Friday, October 22, 2010

Twin Terms Part III: Plumbing Arrangements

White line laying on top of baby's face is the amniotic membrane
We’re done with the simple nomenclature and off to the plumbing designations, which can be a little complicated, and has lots of lingo, which you probably won’t be familiar with the first time you hear it. Don’t worry though –you soon will be!
Dizygotic (fraternal) twins will always have all of their own structures within the womb, often referred to as ‘di-di’. Each has their own water filled play area called an amniotic sac. Each amniotic sac is contained within its own outer covering, or chorionic membrane. The chorion is synonymous with the placenta. So every fraternal twin will have its own placenta.
Monozygotic (identical) twins however, have several possible ‘womb-mate’ arrangements. Usually you will see this expressed or referred to with the lingo ‘mo-mo’ or ‘mo-di’. Those words can be translated so that the first ‘mo’ or ‘di’ refers to the twins’ chorionicity, and the second ‘mo’ or ‘di’ refers to the twin’s amniosity. (Note that is not animosity, which will certainly come into play around age 2 or so! LOL)
The chorion is a membrane that surrounds the amniotic sac (or sacs) and it is synonymous with the placenta. So if there is one chorion, there will be one placenta. If there are 2 chorions, each baby will have its own placenta. Monochorionic means that there is one chorionic membrane and that the babies will share a placenta. Sharing a placenta does generally put you at a higher risk for twin to twin transfusion syndrome where one twin gets more blood from the placenta than the other, causing variations in growth which pose a hazard to both twin’s health. But stress over it because there are many monochorionic multiples that do just fine! Your doctor will do lots of ultrasounds to monitor their growth and make sure they are growing at approximately the same rate.
The exception in this case is that there are cases where babies are dichorionic and have their own placentas, but as they grow, and as the placentas grow, they fuse together. Once the placentas fuse, it can be difficult to determine if your twins actually shared a placenta or each had their own which fused together. So, if you find out you are having twins at your 20 week ultrasound, and there only appears to be one placenta, you may not know the true chorionicity of your twins unless you have the placenta examined after their birth.
Amniosity refers to whether or not your babies have their own amniotic sacs. If your twins are monoamniotic, (‘mono’ meaning 1), they have only one amniotic sac and share a swimming pool together inside you. If they are di-amniotic, (‘di’ meaning 2) that means there are two sacs and each baby has it’s own pool of water which is separated from his siblings by a curtain-like membrane.
Unfortunately, sharing one amniotic sac does have its risks with the possibility of cord entanglement, which can. For this reason, it is normal for your physician to admit you to the hospital for constant monitoring of the babies at the point which they are viable (able to live outside the womb), which is around 20 weeks. The reasoning is that they want to monitor the babies for distress, so that at the first sign of trouble (likely resulting from cord entanglement) they could deliver the babies and save their lives. Note that this is not the same as bed rest that was indicated because of a risk for preterm labor. It is mostly for monitoring purposes. If your physician does NOT advise this, I would seek a second opinion.
The number of placentas and amniotic sacs can best be determined by ultrasound at around 12 weeks. At that time, the placentas and amniotic membrane are more highly visible than they are early in pregnancy when they are very small, or later in pregnancy when placentas can potentially grow together.
Now, if you are having triplets or more, you could have any combination of shared or individual placentas. So two of the babies could share a placenta and the third have its own, or all three share one placenta, or each of the three have their own placenta. Same thing with amniotic sacs – some babies could share a sac while others have their own.
Ok, if you fell asleep during that, you are probably not alone!

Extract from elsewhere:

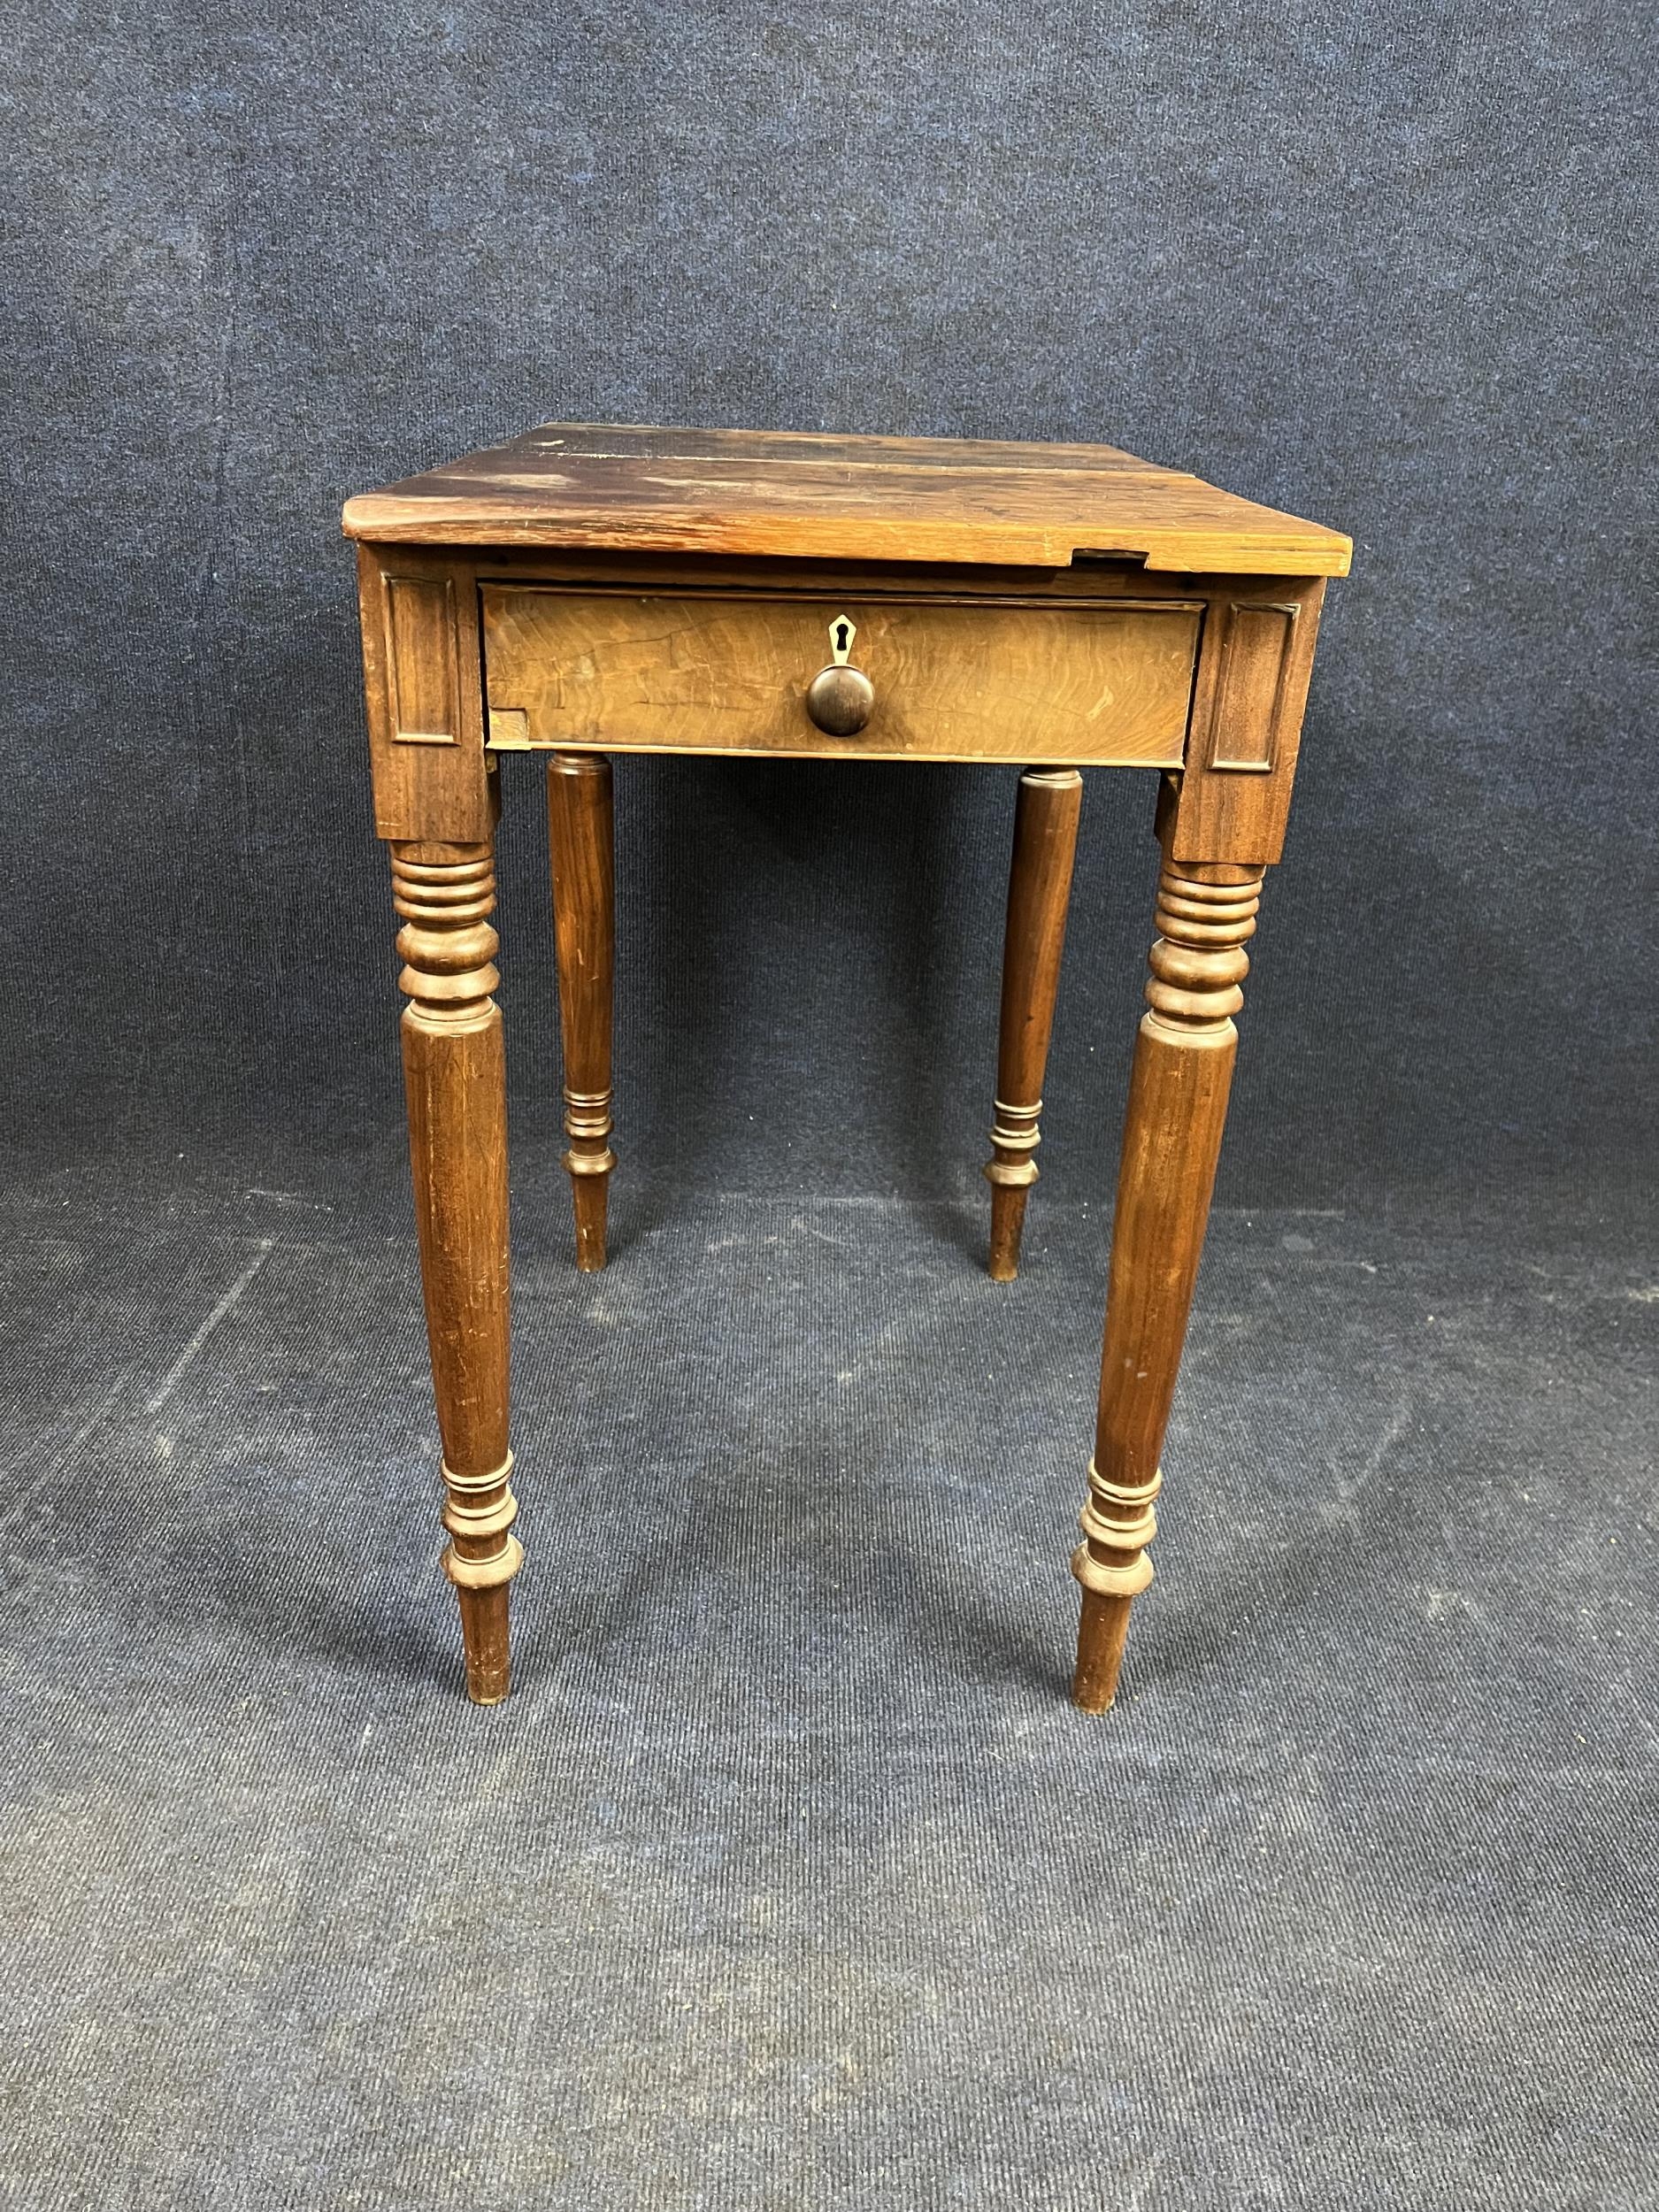 A 19th century mahogany side table. H.72 W.65 D.42.cm - Image 2 of 6

So here is a brief review!
Fraternal Twins = Dizygotic twins (originating from 2 separate eggs and sperms) Fraternal twins will ALWAYS be ‘di-di’, meaning dichorionic and diamniotic having each their own placenta and amniotic sac.
Identical Twins = Monozygotic Twins (originating from the same egg & sperm which divided into 2!) Identical twins can be ‘mo-mo’, ‘mo-di’ or ‘di-di’. That means that even if your twins have their own placenta and their own amniotic sacs, they could still be identical and the only way for you to learn that they are NOT identical would be to rule out monozygosity with one of the following tests:
1.    Babies are different sexes, therefore not identical (duh!)
2.    Babies have different blood types, therefore not identical.
3.    Babies have a DNA test which compares their DNA and determines zygosity.
I hope you studied well..there may be a quiz later!